Hablando en el desierto

FRANCISCO / BEJARANO

Régine Deforges

El Mayo del 68, tan celebrado, sirvió para muy poco políticamente pero sí relajó las costumbres, sobre todo el concepto de buenas costumbres, y la política siguió como siempre, empeorada por la relajación. Los bajos fondos de las ciudades se pudieron presentar en sociedad y se propaló la pérfida idea de que ser carne de horca y de ínfima condición era lo moderno. La parte más débil de la juventud de la clase media se lo creyó y acabó mal. Pasó después a las clases populares con peores resultados. Todavía hoy esa idea nefasta tiene sus partidarios y está alcanzando, a destiempo, a lo más ingenuo de las clases altas, con parecido resultado que en las demás.
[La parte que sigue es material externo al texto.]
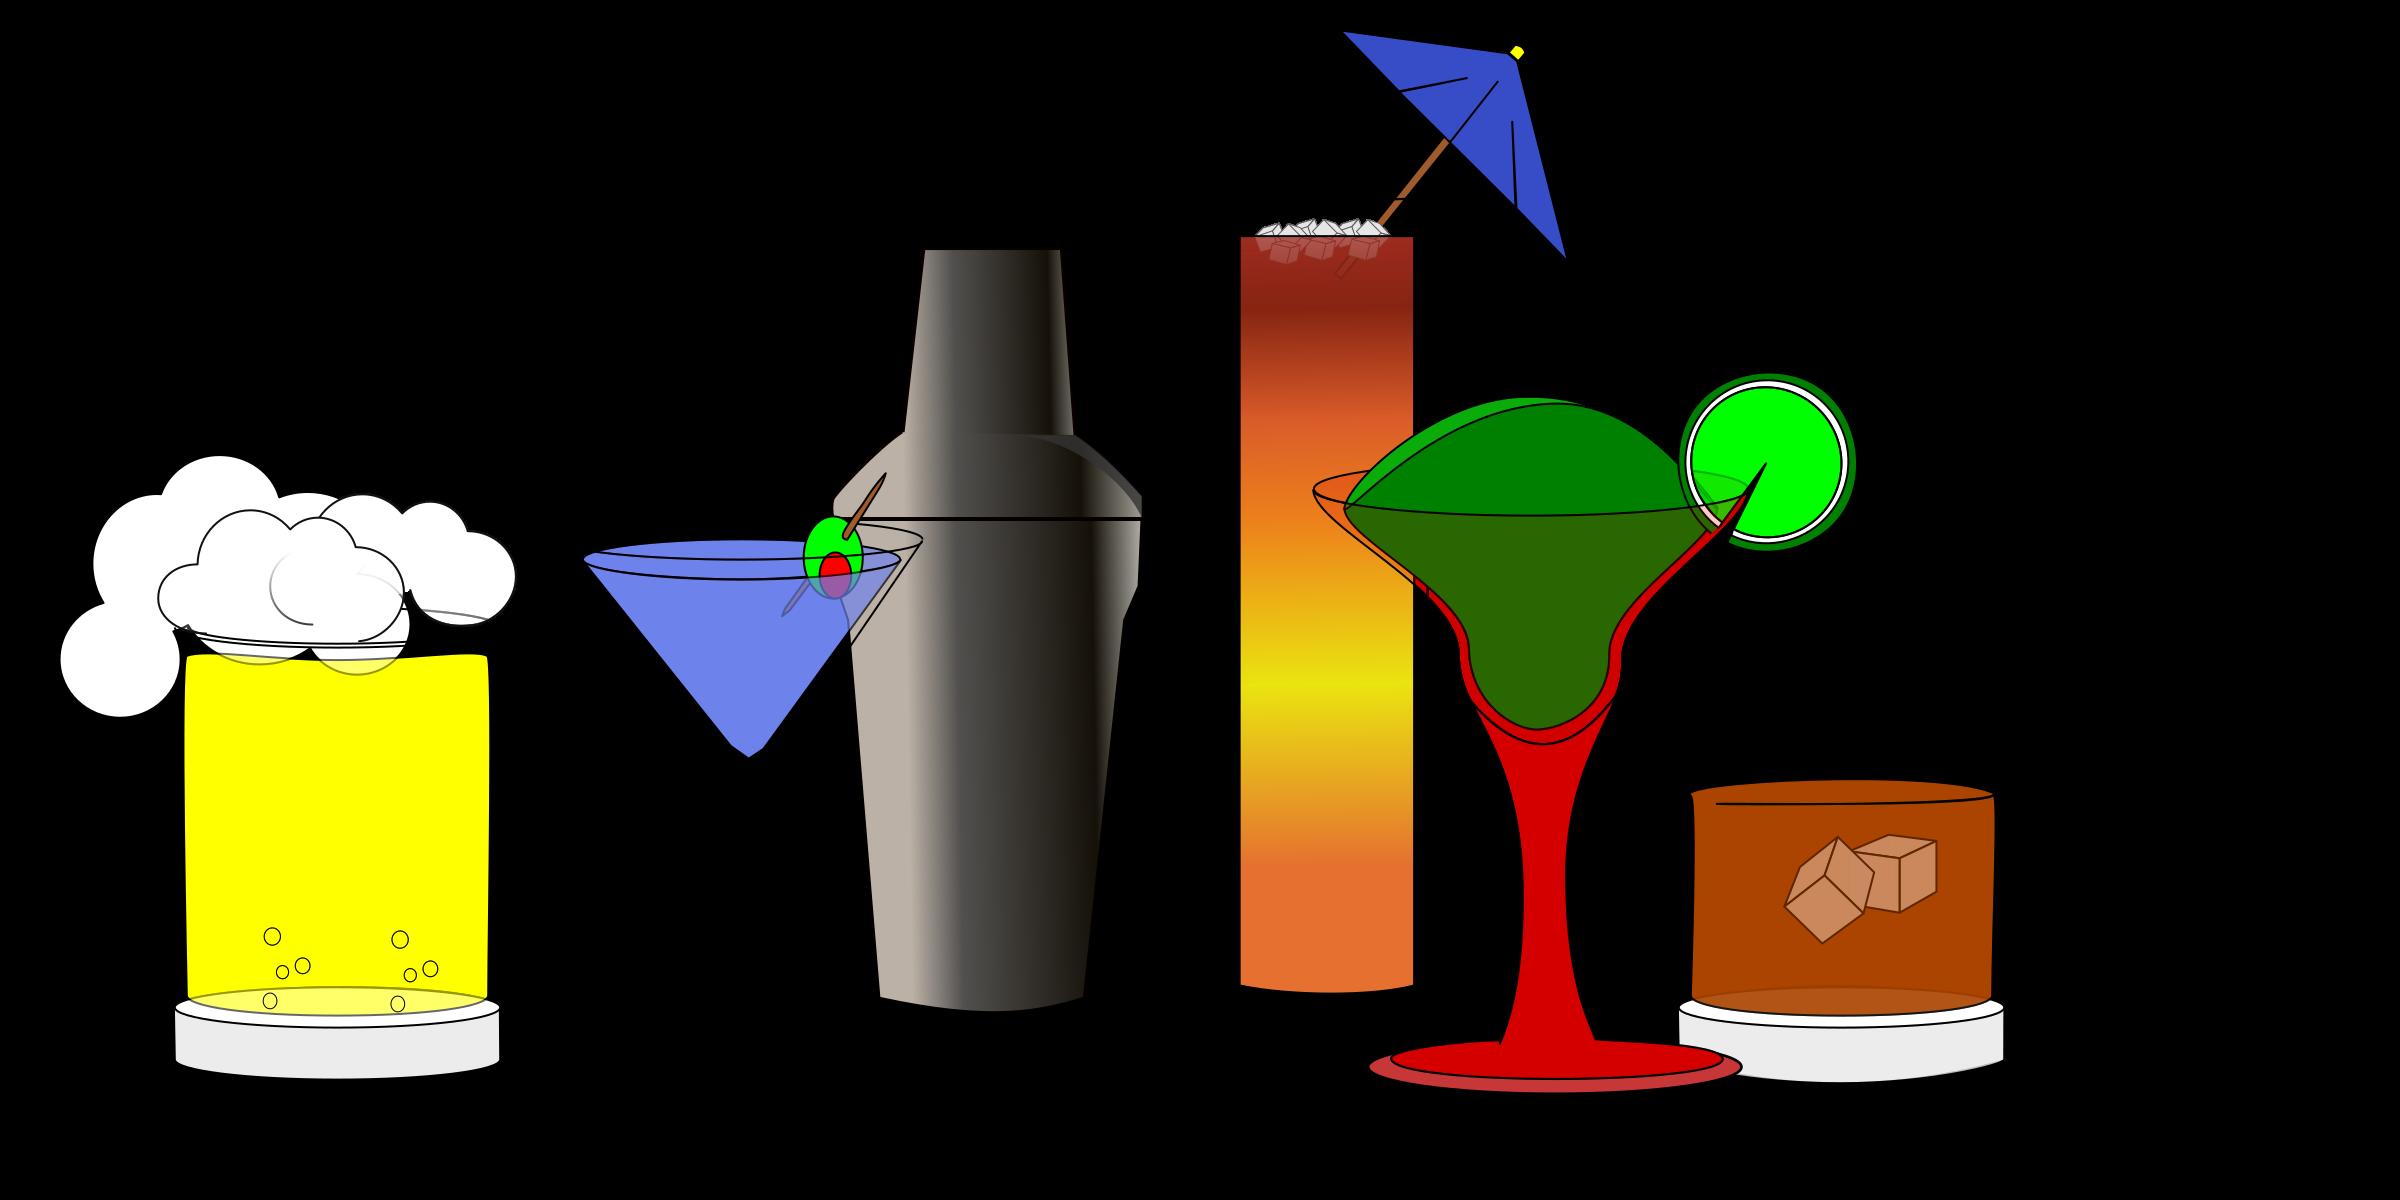 Happy drink animations big. Conversation clipart social hour

No es difícil entender cómo las influencias malsanas dañan más a los grupos con menores defensas.

Régine Deforges había fundado una editorial para publicar libros eróticos e incluso pornográficos dos años antes de la revuelta, de manera que en el Mayo tuvo un momento de gloria. No fue el único, porque luego su serie La bicicleta azul tuvo éxito y fue traducida a muchas lenguas. Se convirtió en una de esas feministas liberadoras de la mujer y sacó sus rentas. Las liberaciones tienen un gran inconveniente: los liberados no saben qué hacer con la liberación. Cada vez que tenía algún encontronazo con la justicia, prohibiciones, multas o pleitos por plagio ganaba más prestigio como rebelde libérrima, defensora de una sexualidad muy del momento y que hizo estragos: libre, pagana y sin sentimiento de culpa. Como se supo pronto, la liberación sexual es un espejismo, nunca se libera del todo ni concluye en nada merecedor de la pena. La pobre Régine fue de pareja en pareja, de pleito en escándalo, hasta construirse una fama de maldita libertaria, muy del gusto durante unos años de jóvenes desprevenidos.

El escándalo se agota pronto y si el escándalo viene con matiz político de militante de una modernidad particular, se agota antes. Así que cuando sus publicaciones ya no escandalizaron a nadie y ella había pasado a personaje legendario, se entregó a satisfacer las insatisfacciones, también las sexuales, comiendo y bebiendo sin mucho control de sí misma. Lo que había predicado. Estropeada -consiguió la cara que se merecía- y gorda, síntoma de sexualidad frustrada, fue pasando al olvido lentamente y luego al desconocimiento de sus propios vecinos. Nadie sabía al final quién era esa señora de aspecto desastroso, comilona y borracha, hasta que la vieron en los periódicos hace un mes con motivo de su muerte. Dios la haya perdonado.